((
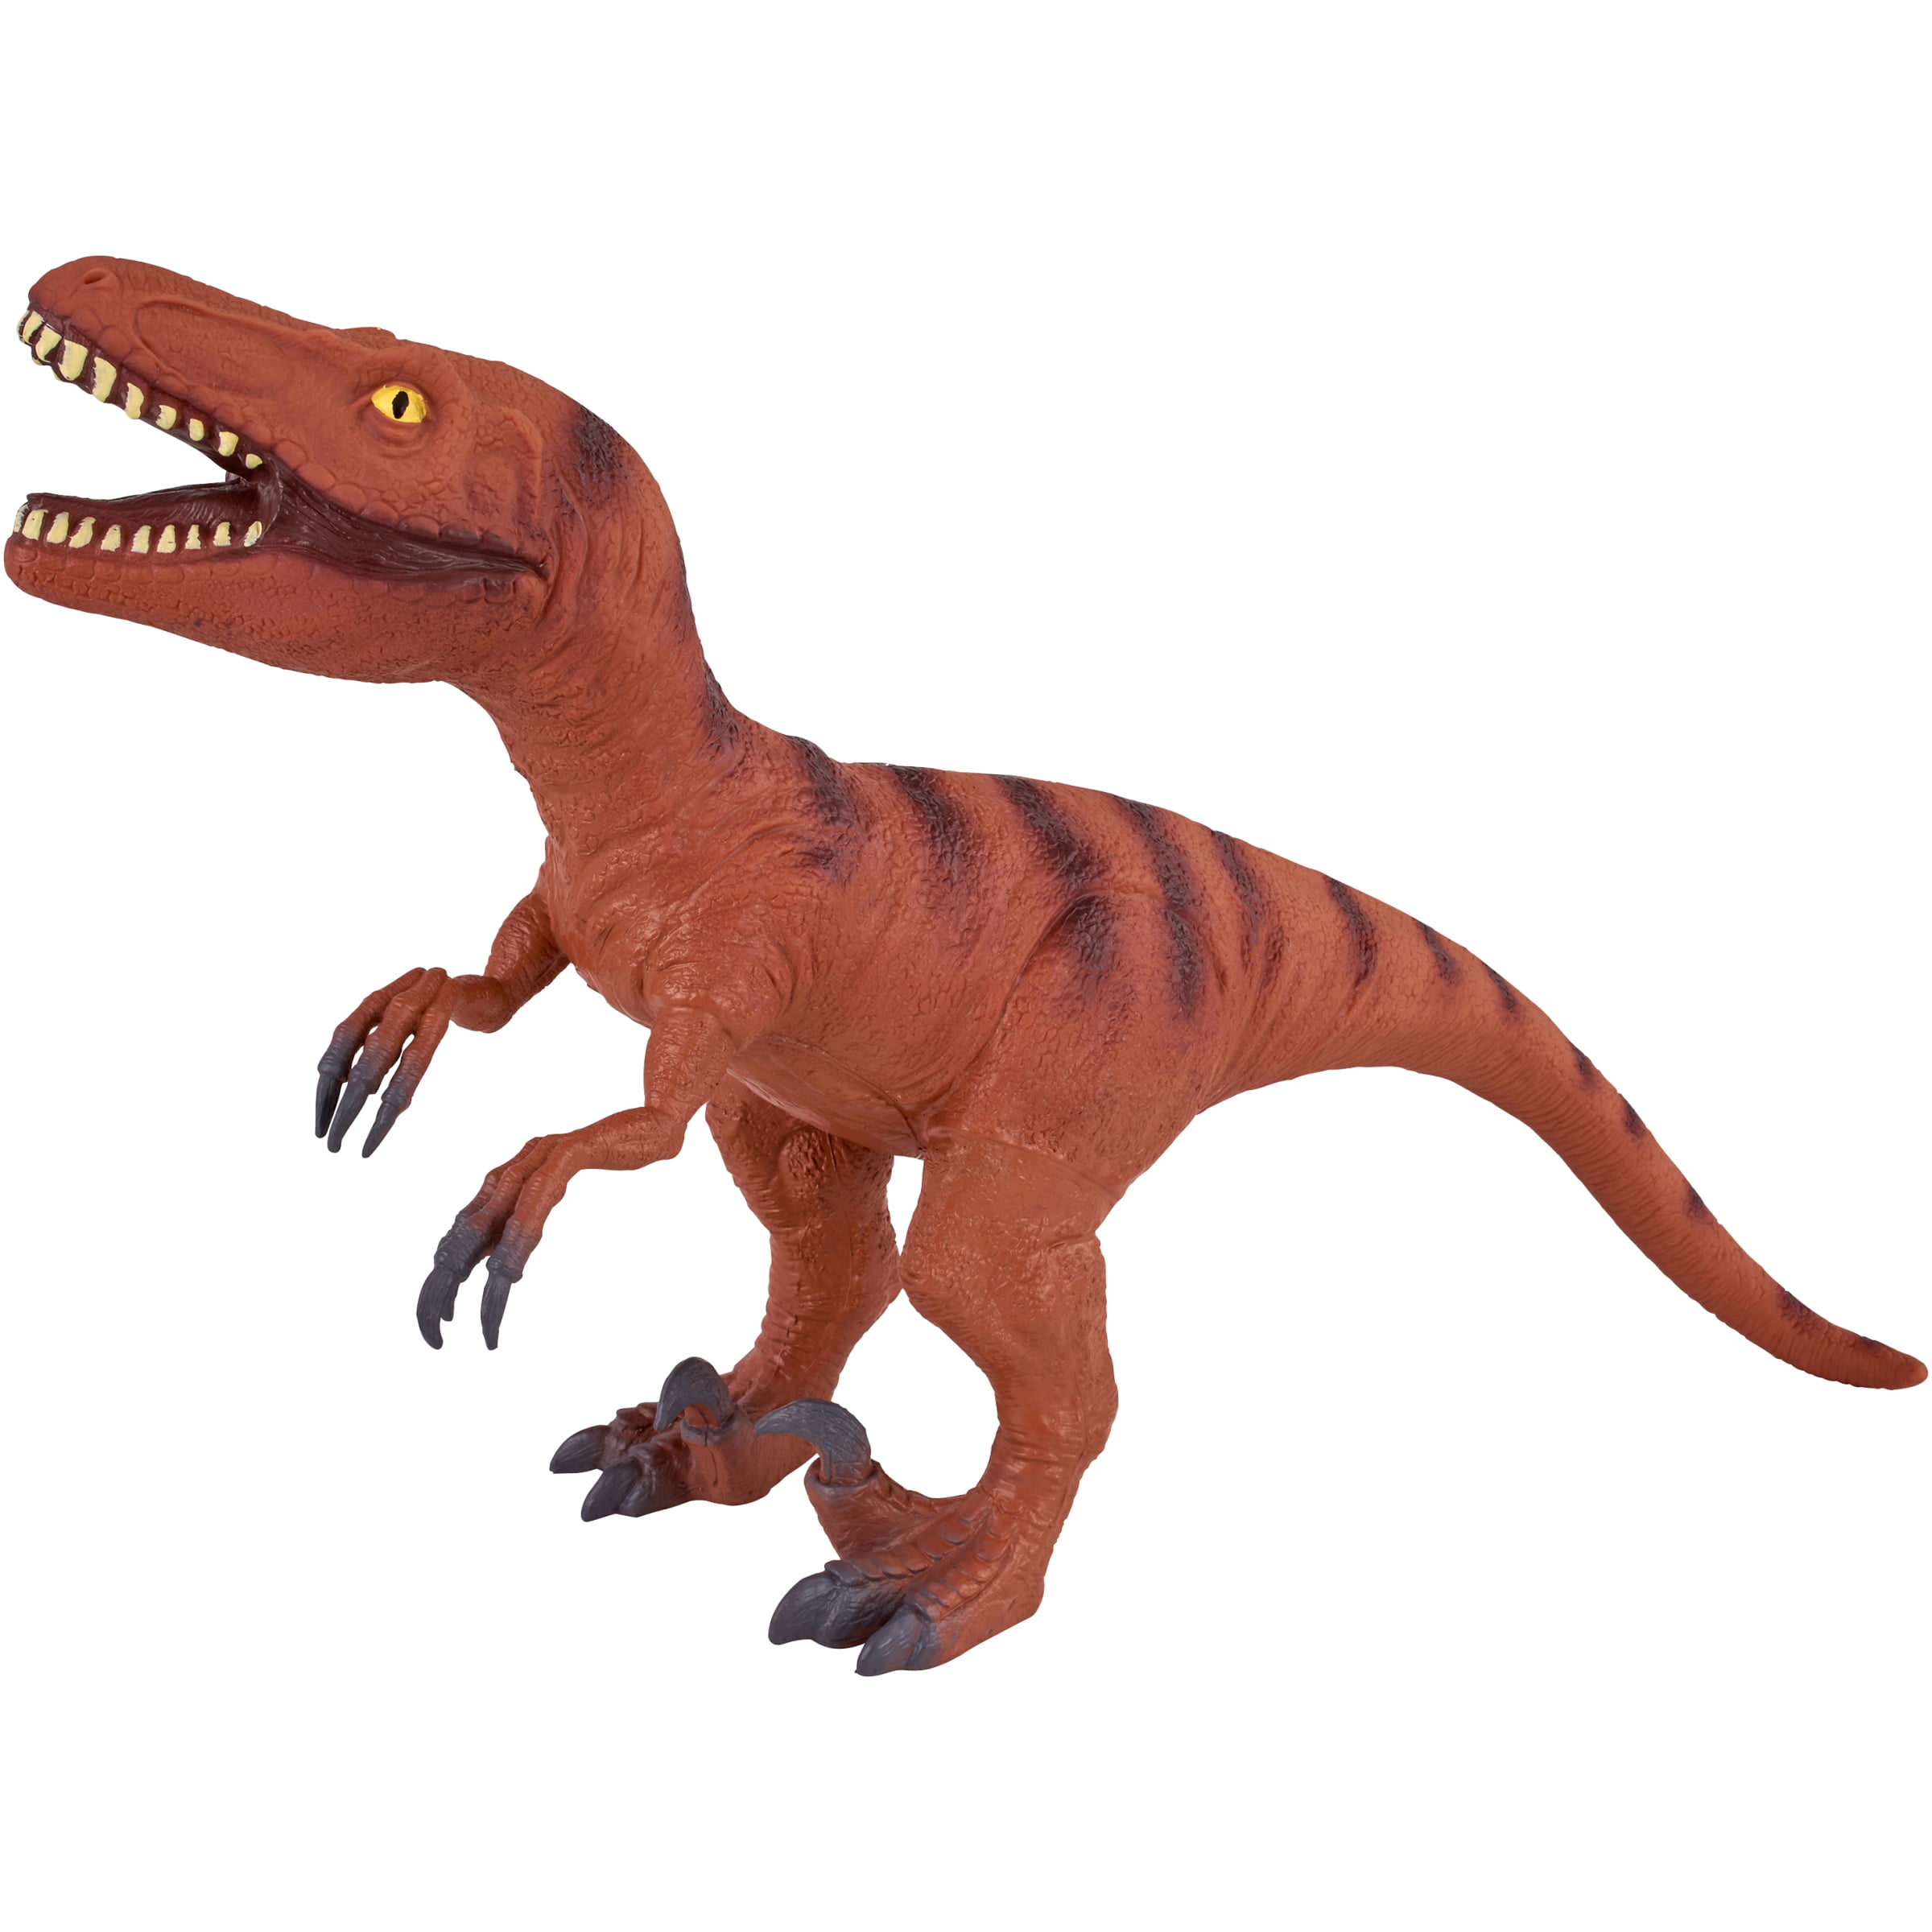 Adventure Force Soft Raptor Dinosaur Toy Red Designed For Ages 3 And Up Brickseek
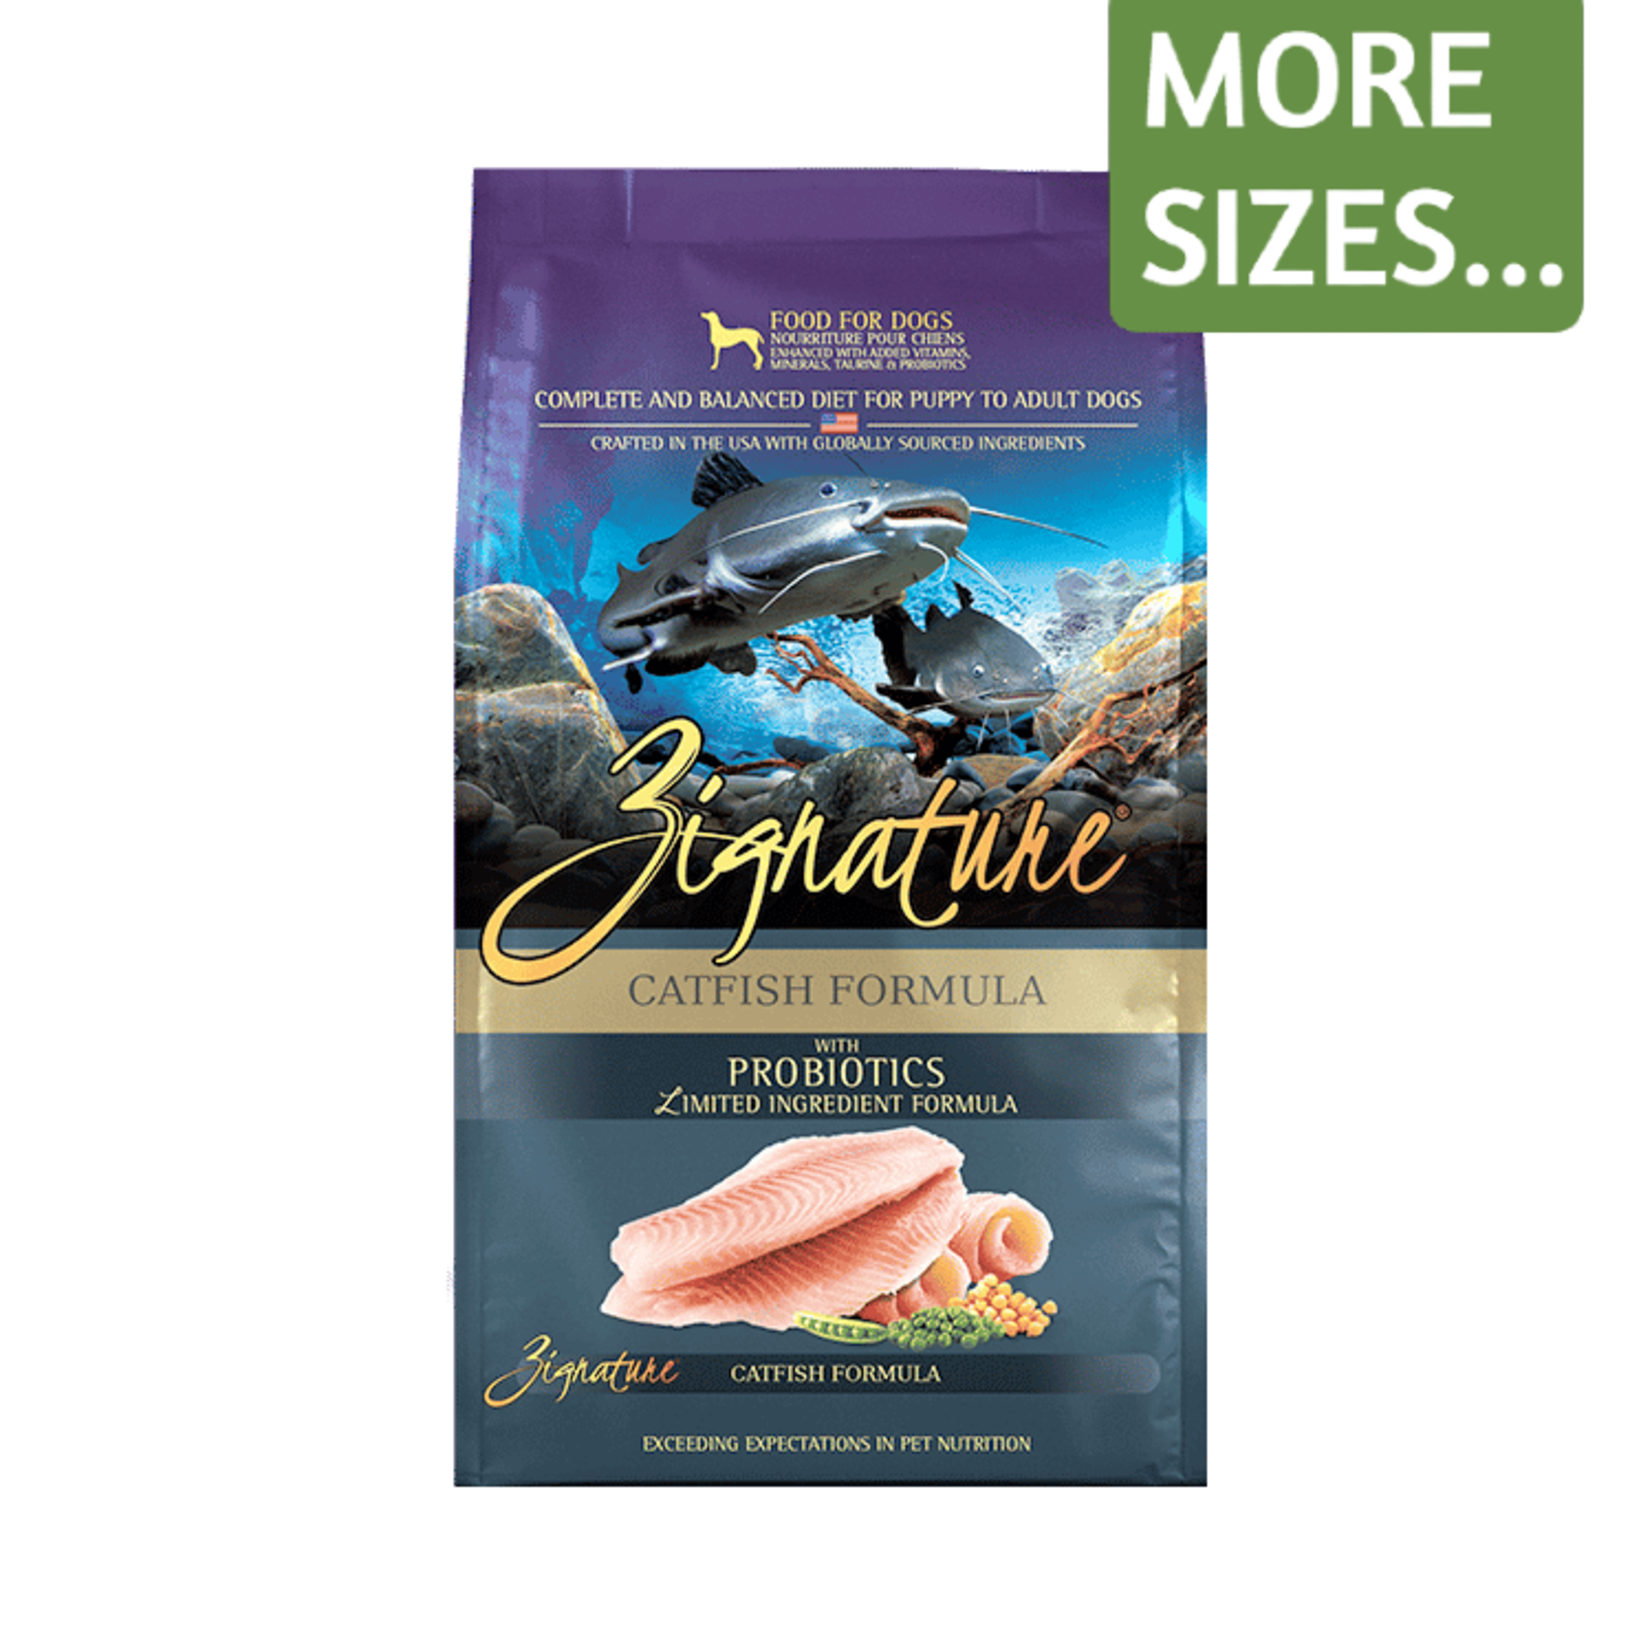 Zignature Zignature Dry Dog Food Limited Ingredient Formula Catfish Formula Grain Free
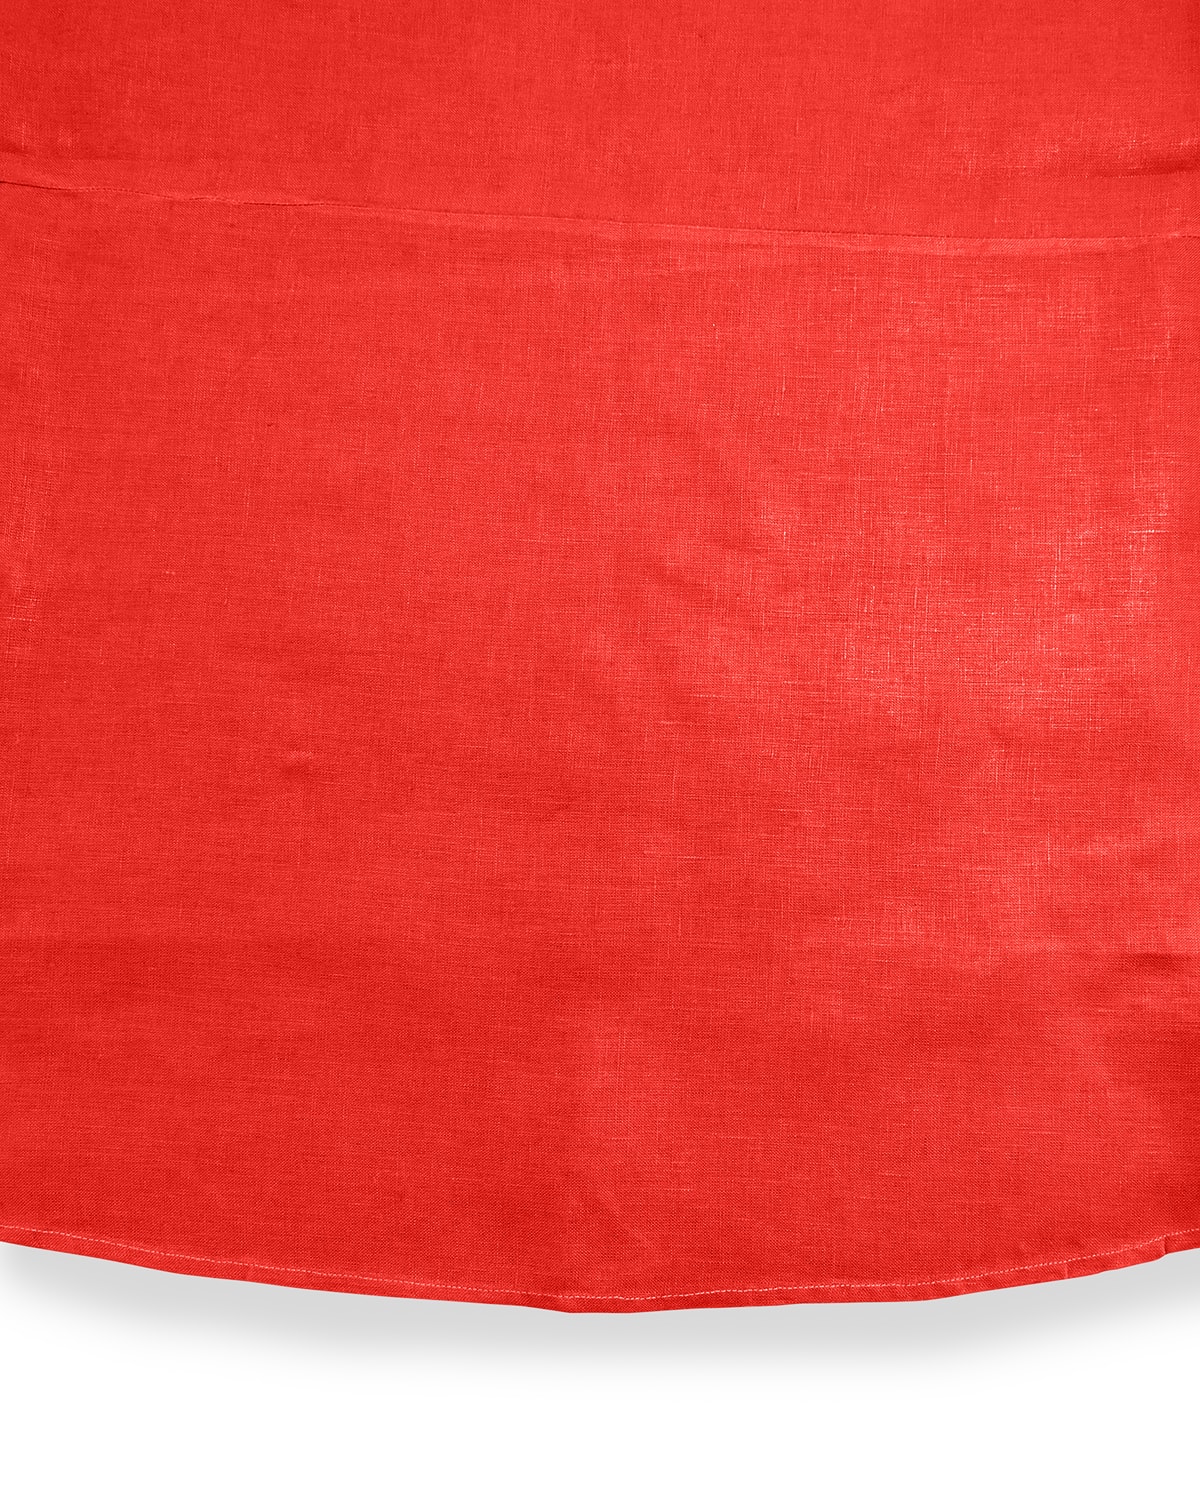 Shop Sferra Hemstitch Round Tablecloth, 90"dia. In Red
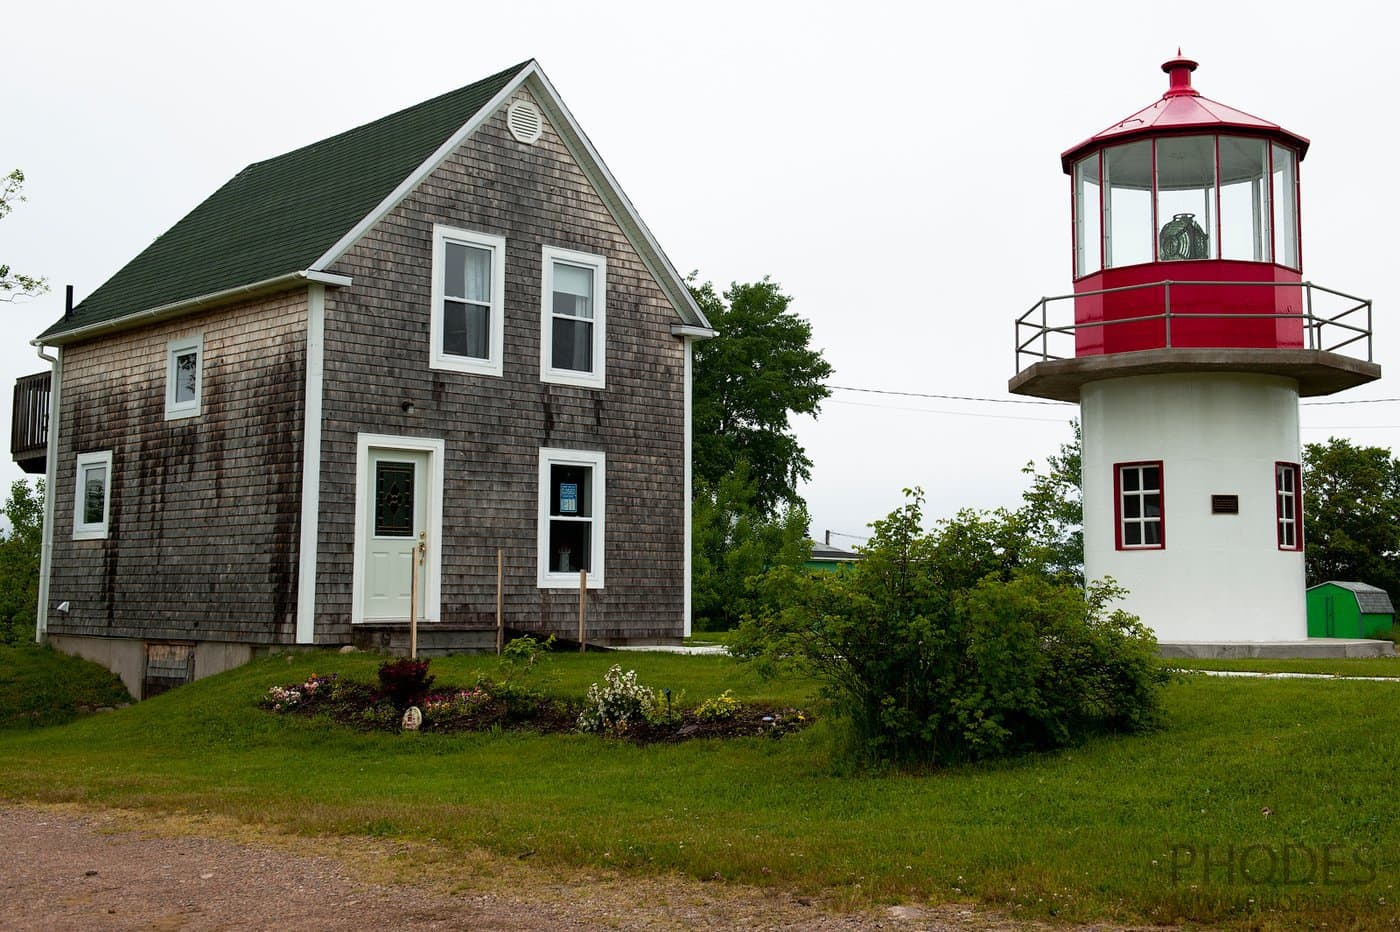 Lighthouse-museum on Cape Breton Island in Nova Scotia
))
■ REQUIREMENT:
Omit all pictures, and repeat exactly the lines from the line containing "Shop Sferra Hemstitch" through the end of the data.

■ SOLUTION FOR THIS PROBLEM:
 Shop Sferra Hemstitch Round Tablecloth, 90"dia. In Red
 Lighthouse-museum on Cape Breton Island in Nova Scotia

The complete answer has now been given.